═════ Data provided

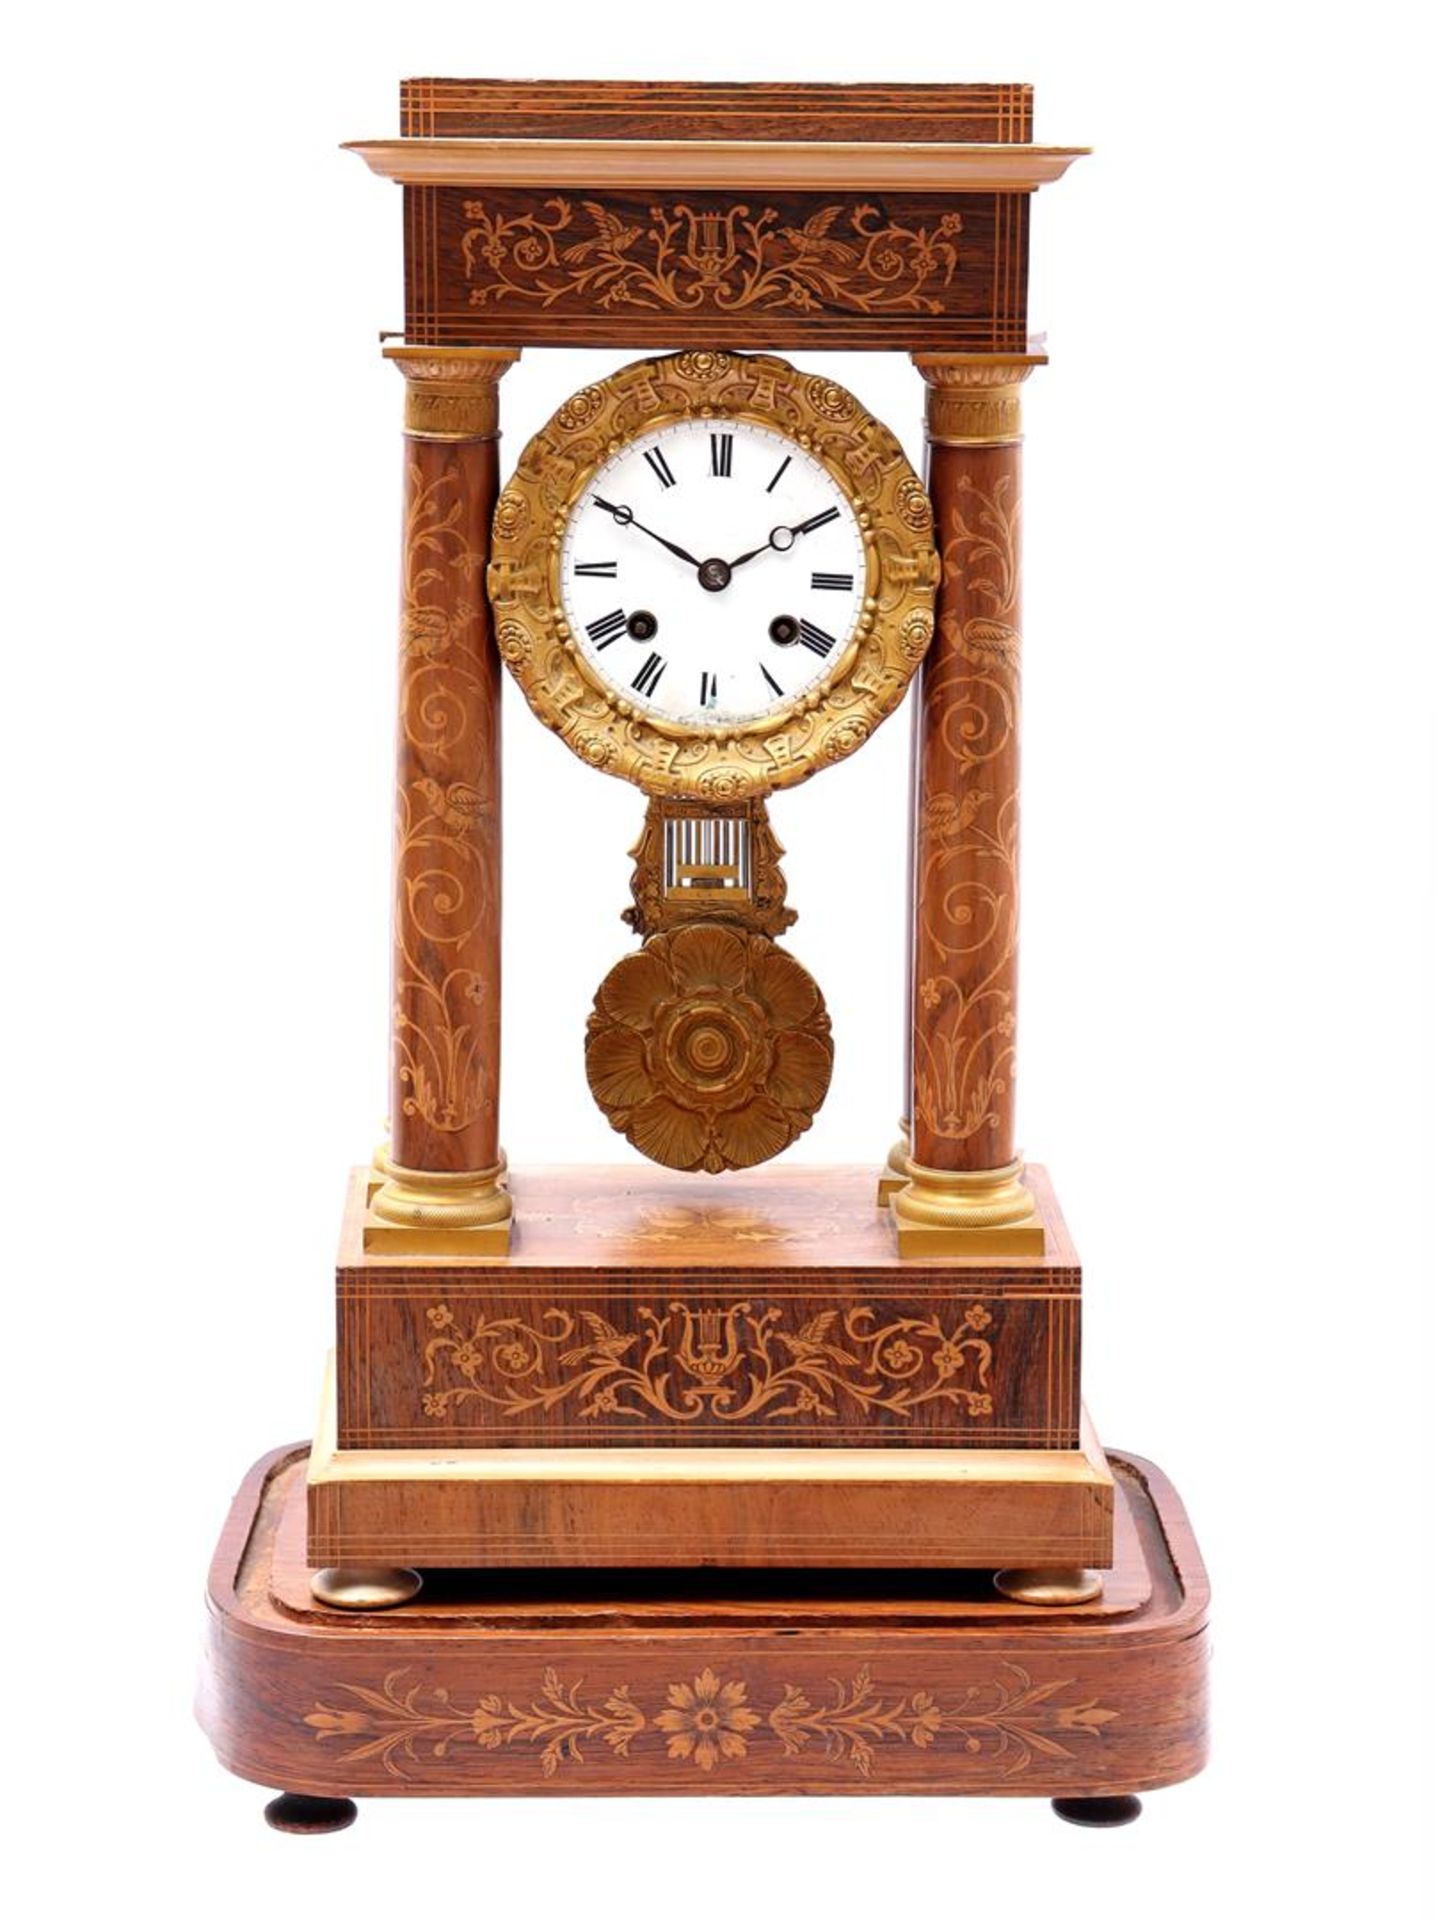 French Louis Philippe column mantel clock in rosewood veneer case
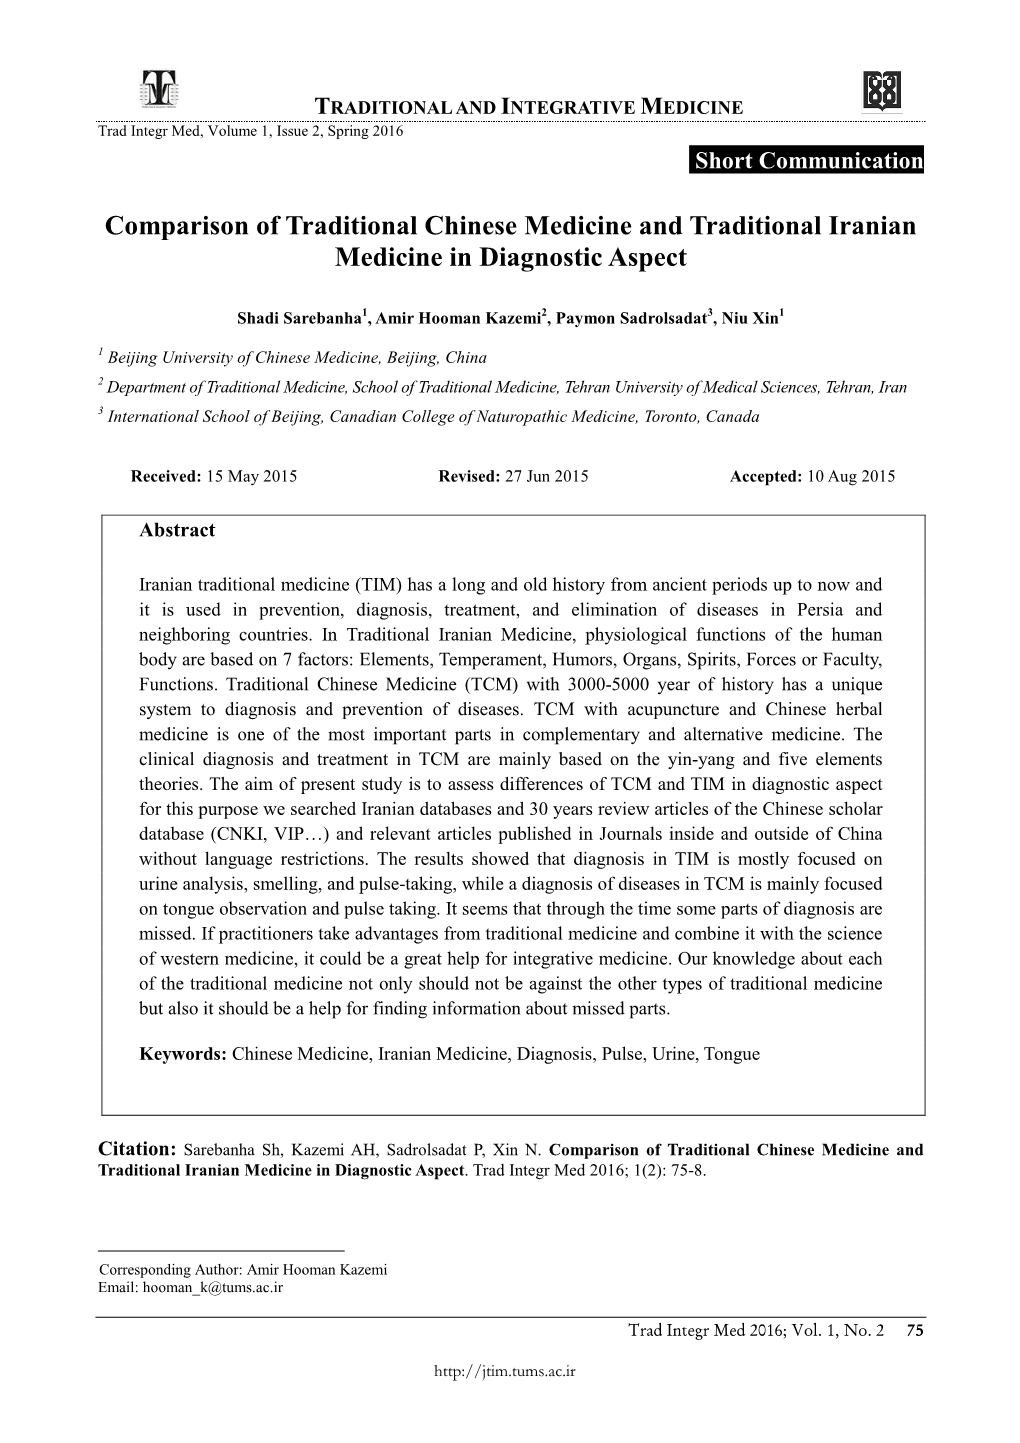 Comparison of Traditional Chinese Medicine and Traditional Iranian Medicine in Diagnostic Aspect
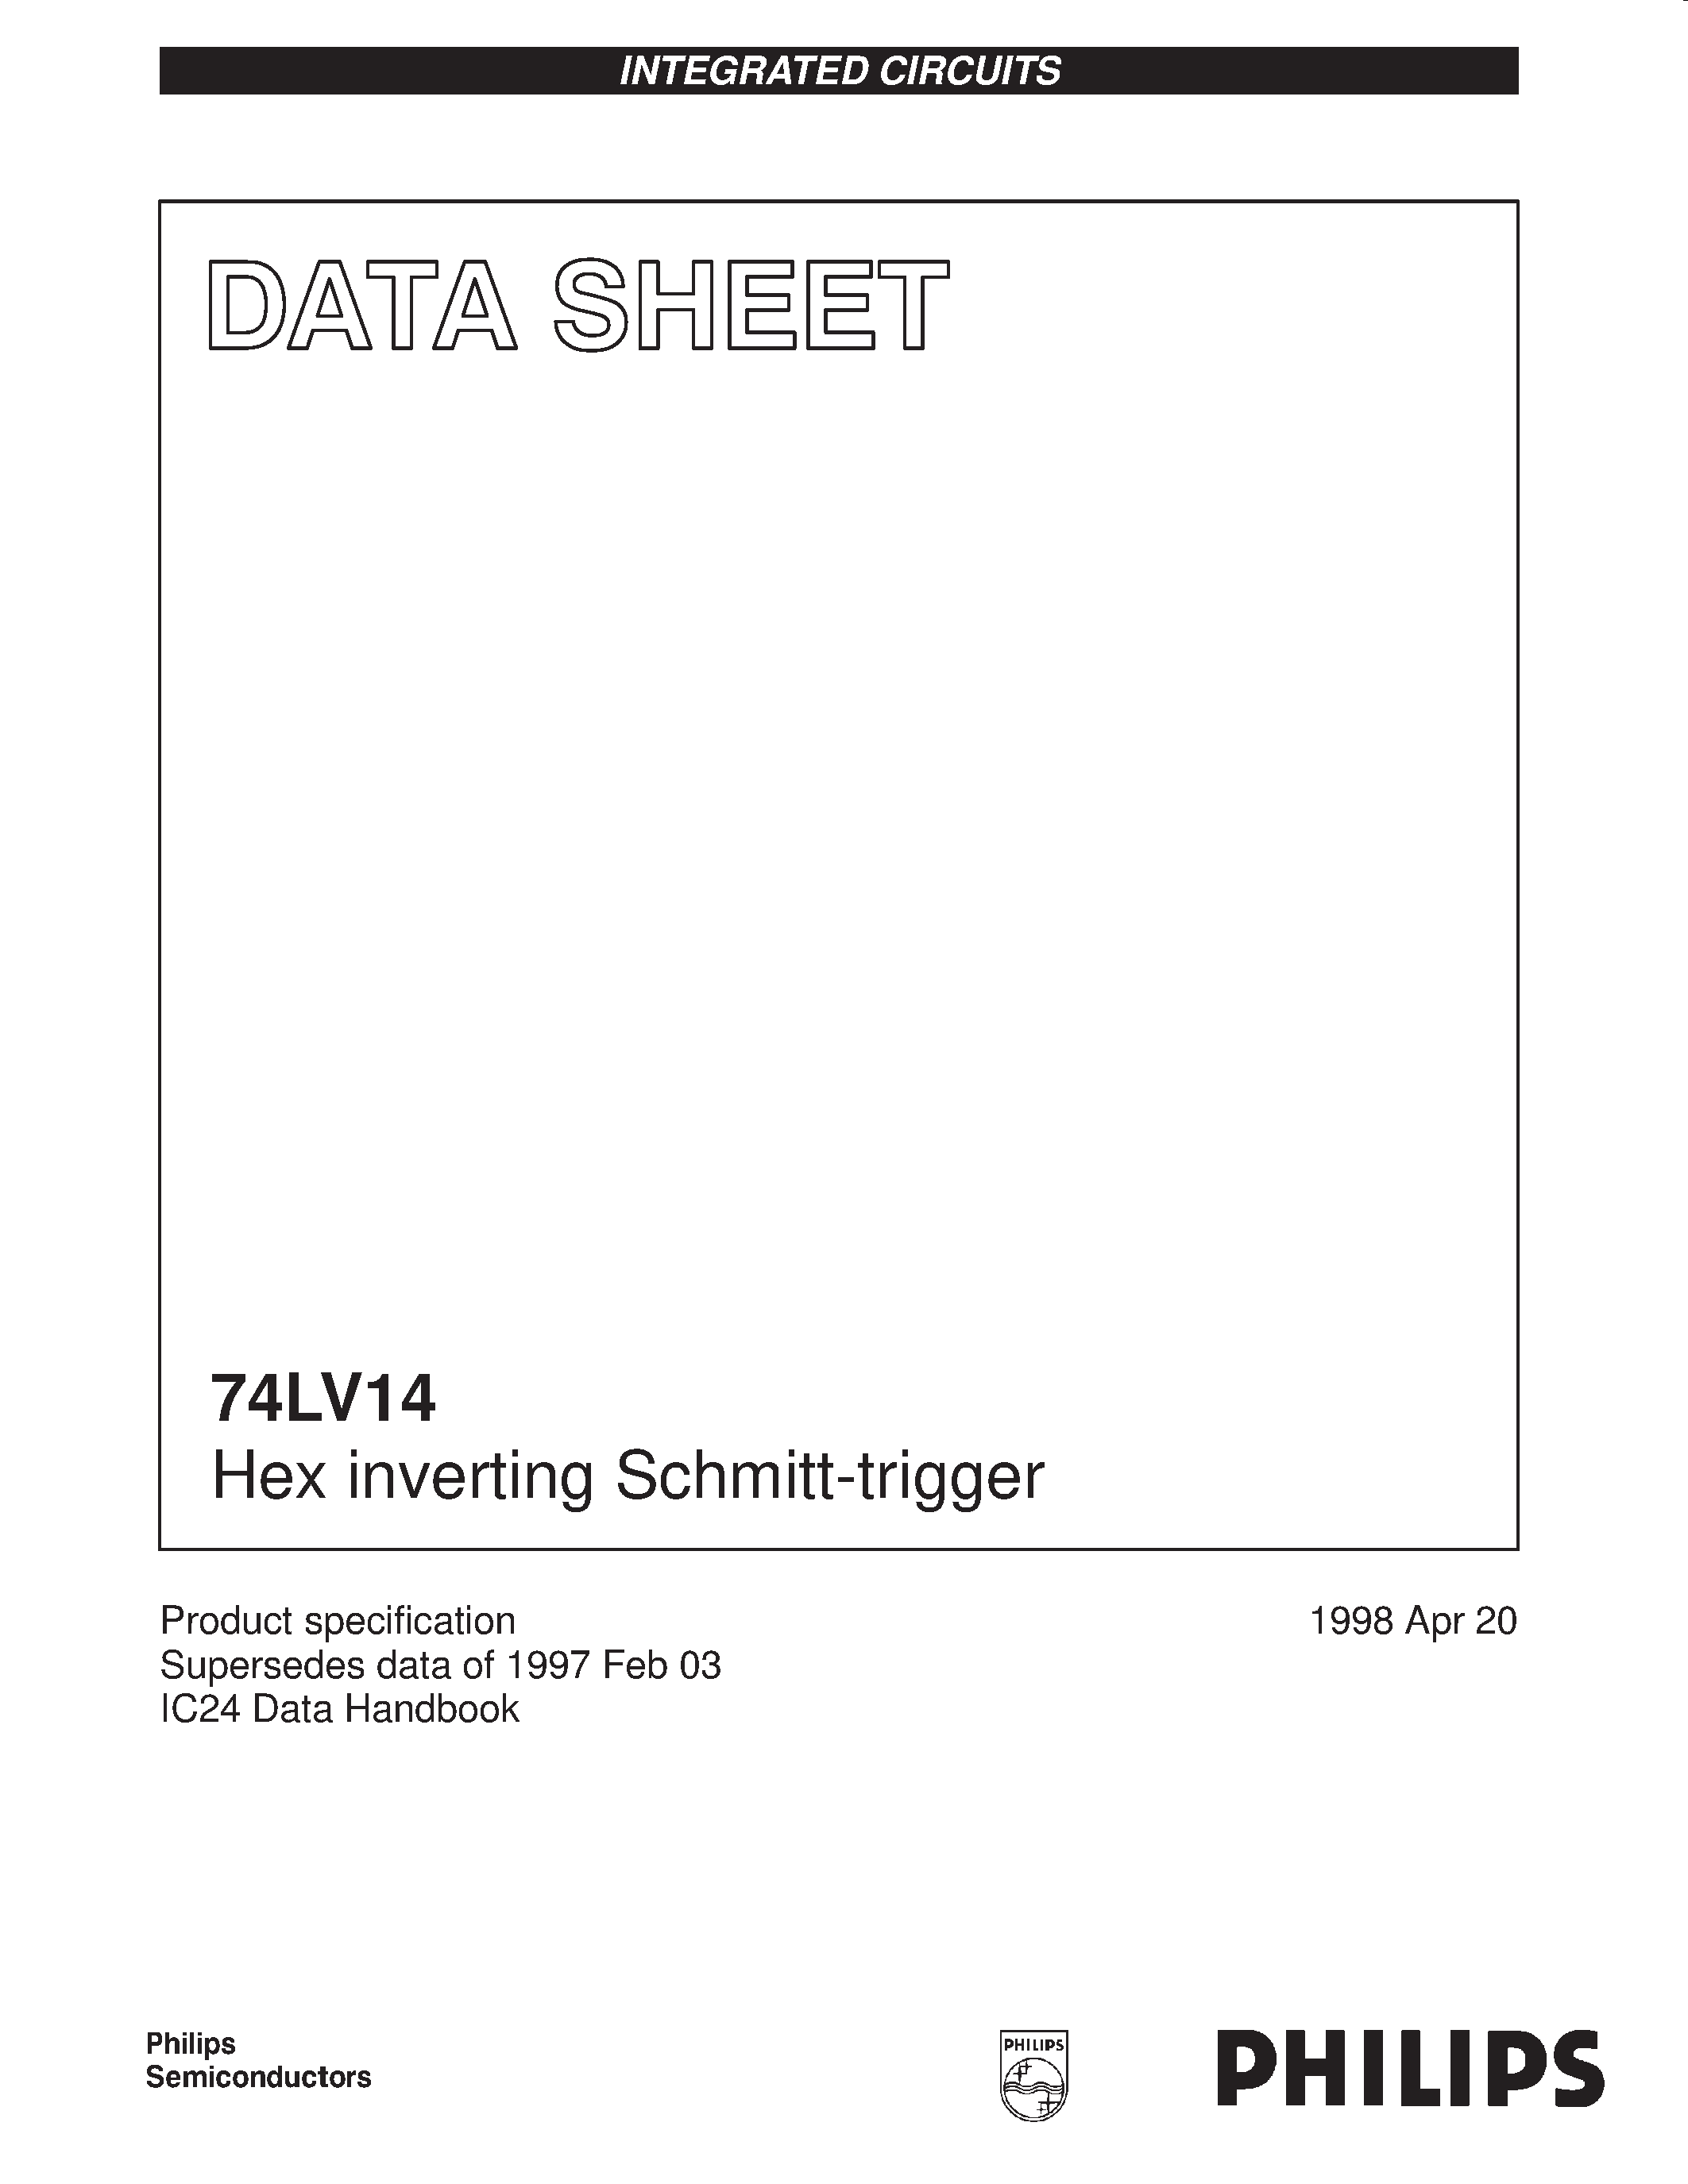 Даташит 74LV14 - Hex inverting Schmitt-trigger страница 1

══════════

#### Required work:
What should appear is an exact reproduction of the lines from the one with "Comparison of Traditional" through the end of the material above, and no pictures.

#### Exercise solution:
 Comparison of Traditional Chinese Medicine and Traditional Iranian Medicine in Diagnostic Aspect
 Даташит 74LV14 - Hex inverting Schmitt-trigger страница 1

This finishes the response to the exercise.